From the mid-2020s, natural gas will become the world’s largest energy source, before global gas demand peaks around 2035. This will result in three significant developments: the amount of natural gas used for power generation will fall as renewables scale significantly and electricity replaces natural gas in sectors where feasible to do so; natural gas will be partially decarbonised through gas reforming and CCS to produce blue hydrogen; and green hydrogen will join decarbonised gas in replacing some of the final demand for natural gas, mostly in hard-to-abate sectors.
By 2050, 13% of natural gas supply was forecast to be decarbonised through CCS, with hydrogen partly realising its potential to become the “low carbon fuel of the future” to complement renewables around this time. Future policy changes could impact this, however, with the report citing the 2019 ETO which forecast energy demand for hydrogen as an energy carrier to be 7EJ/ year in 2050. Since then, policies and initiatives in Europe, China and North America, such as net zero targets and hydrogen strategies, have led DNV GL to increase its forecast to 24EJ/ year.

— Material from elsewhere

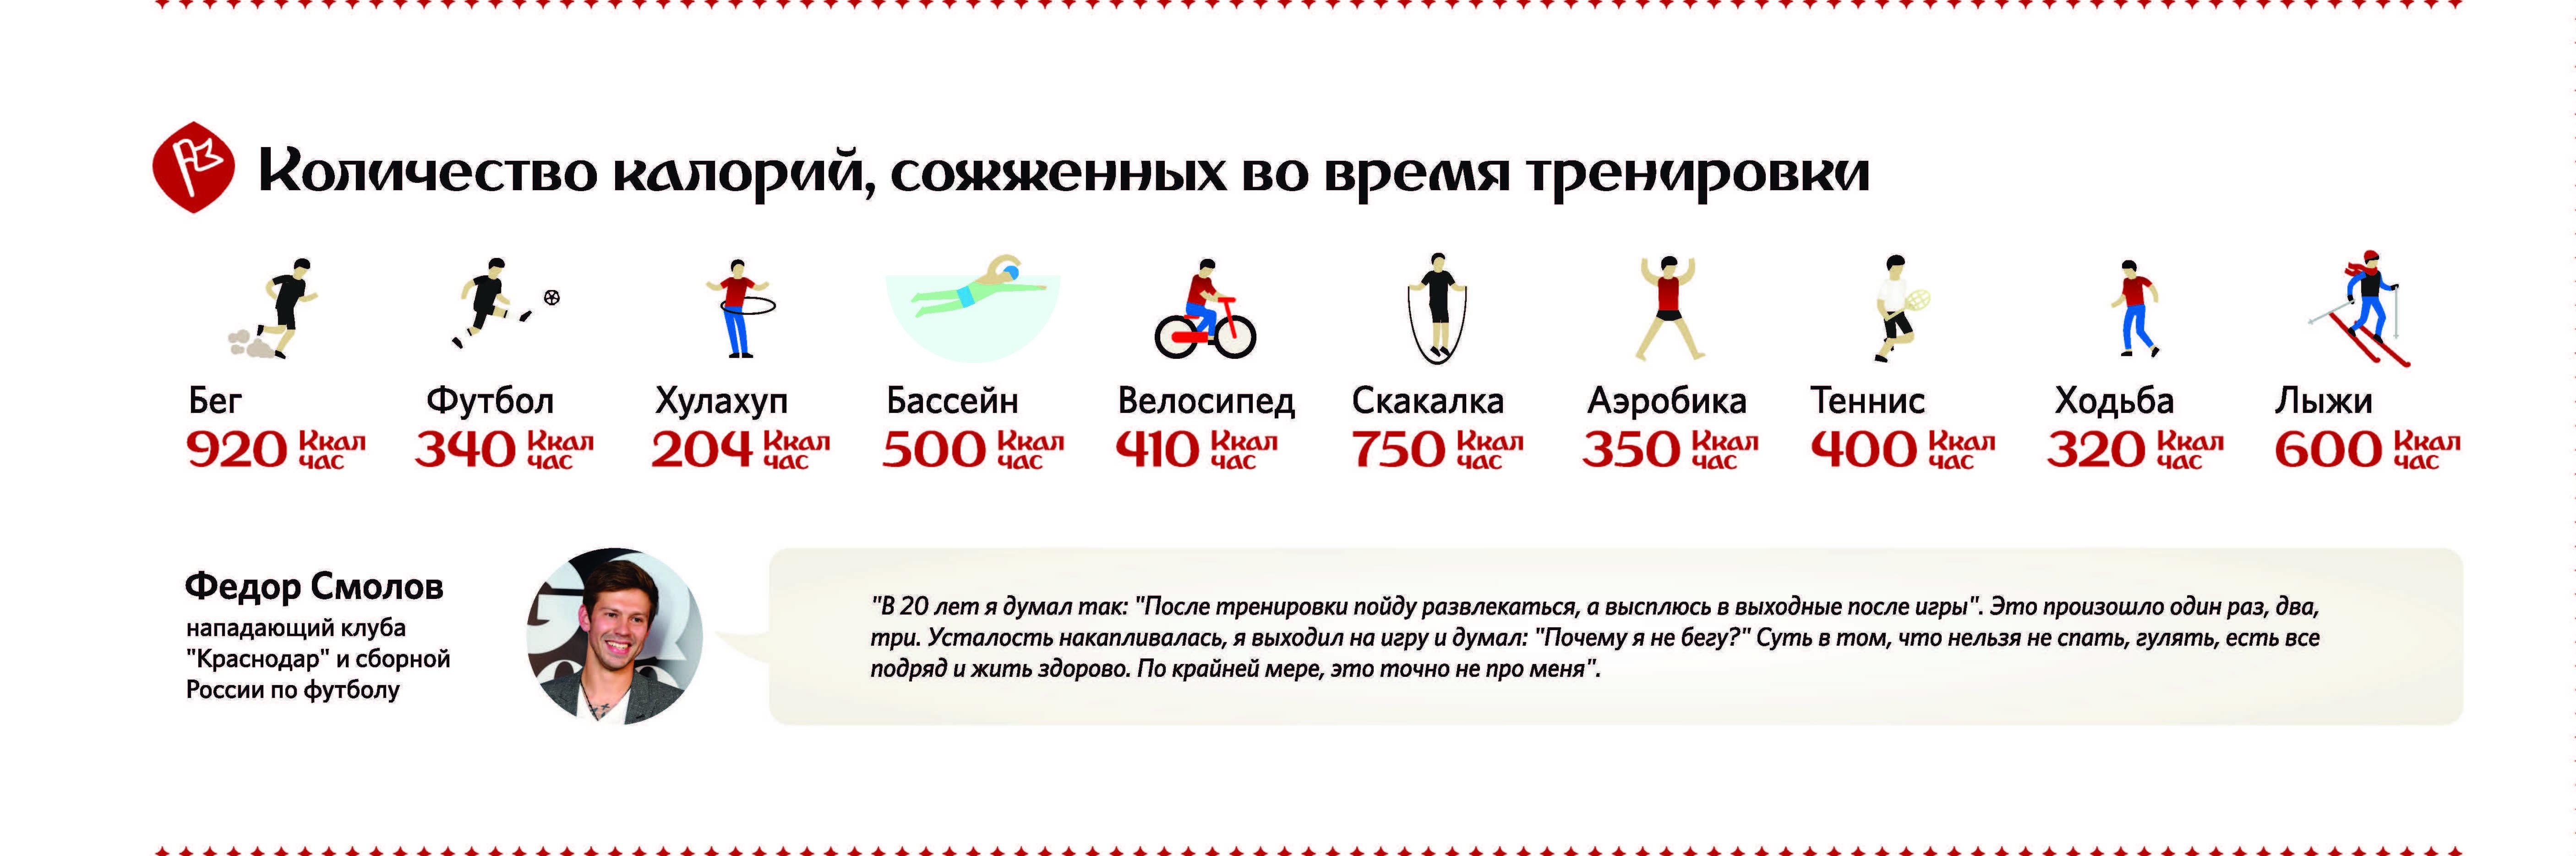 Сколько калорий сжигается при езде на велосипеде, отзывы худеющих

CCS will play an integral role in scaling hydrogen from 2035, with the report acknowledging that while costs of electrolysers and renewable energy will fall over the next decade, making green hydrogen more viable, blue hydrogen has lower production costs and could have an equally low carbon footprint. When considering the synergies with the operation of infrastructure for natural gas, blue hydrogen could serve as a “particularly appealing starting point” for scaling the hydrogen economy. In 2030, it projected 85% of hydrogen used as an energy carrier to be blue.
There will likely be a symbiotic rollout of hydrogen deployment and uptake of CCS, with blue hydrogen production accounting for a significant share of CCS deployment and a dominant share of demand for hydrogen as an energy carrier. Green hydrogen will significantly increase from 2035, growing at a faster pace than blue hydrogen in the 2040s, with production levels of both being relatively equal by mid-century. The split would differ by region as strategies for hydrogen vary owed to national resources and priorities.
With CCS “extremely sensitive” to the carbon price, the hydrogen economy is sensitive to the level at which CCS scales which, in turn, is key to scaling hydrogen. Along with exploiting synergies with natural gas, supportive policies such as national hydrogen strategies will be key to turning ambition for the hydrogen economy into reality. In the shorter-term, the oil and gas industry can help to scale the hydrogen economy by proving the safety case for hydrogen – key for broad acceptance and adoption – as well as developing and adapting infrastructure. DNV GL stressed the need for partnerships among government, industry and associations, labelling them “crucial” to scaling innovation and new technologies for decarbonisation. CEO DNV GL – Oil & Gas, Liv Hovem said: “Collaboration on frameworks for making hydrogen and CCS safe, effective, and commercially viable will give the oil and gas industry the certainty it needs to manage new risks and accelerate its transformation towards a low-carbon future.”